Jottings on science, religion, technology, pop culture and faith from the Antipodes.

Comics, Research

Dylan Horrocks on comics, games and world-building

Excellent little essay here by Dylan Horrocks, comic book artist and writer, who has been appointed the 2006 University of Auckland/Creative New Zealand Literary Fellow. In it he says,

We are used to thinking of Tolkien or Raymond Feist as writers who create imaginary worlds, but the same is also true of Elizabeth Knox, Barbara Anderson or Maurice Gee. The worlds in which their stories take place each have their own history, atmosphere, and sense of time. No matter how much it may resemble the “real world,” it is actually something else. This is neither good nor bad – it is simply an inescapable fact. Every time a writer tells a story, they also create a world.

and

In comics, even the laws of physics are side effects of the cartoonist’s ‘way of drawing’ – the way clothes drape across a body, the way shadows fall and water flows. In this sense, the cartoonist is a kind of God, creating a whole universe in their own image.

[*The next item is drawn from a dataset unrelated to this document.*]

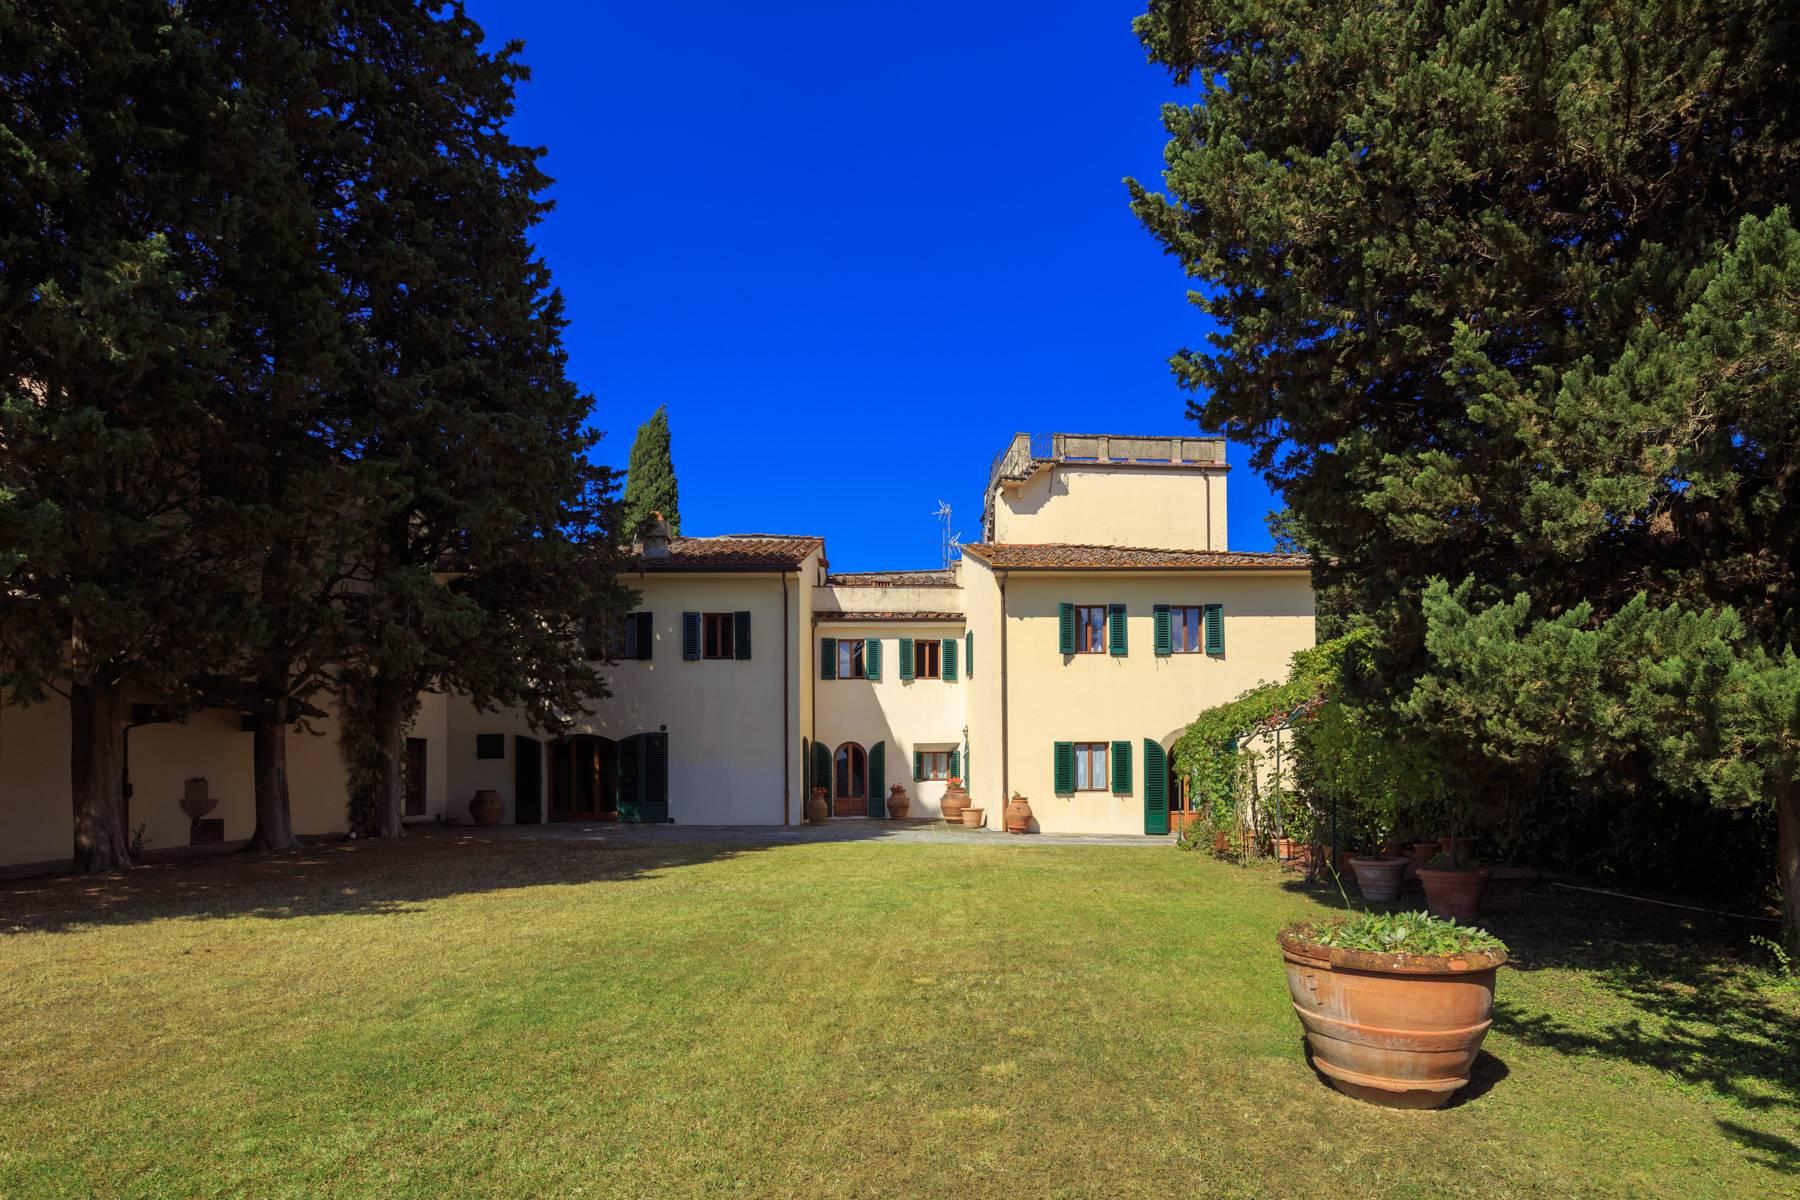 Grande villa antica con oliveto a 10 minuti da Firenze - 2

Horrocks goes on to look at this idea of world-building or sub-creating with the genres of comics, role-playing games and electronic gaming (incl. online gaming). Some interesting parallels with some of the stuff I’ve been reading about virtual reality and the metaphysical quests of technologists.

The essay can be found on Horrocks’ web site at THE PERFECT PLANET: Comics, Games and World-Building.

There was also an interview with him last Saturday morning on Radio New Zealand – Saturday, 18 February. (Link active for at least the next week)

I heard about Horrocks’ comic book Hicksville a while back but had never gotten around to reading it. Today I picked it up from the library so I’ll be thumbing through it tonight.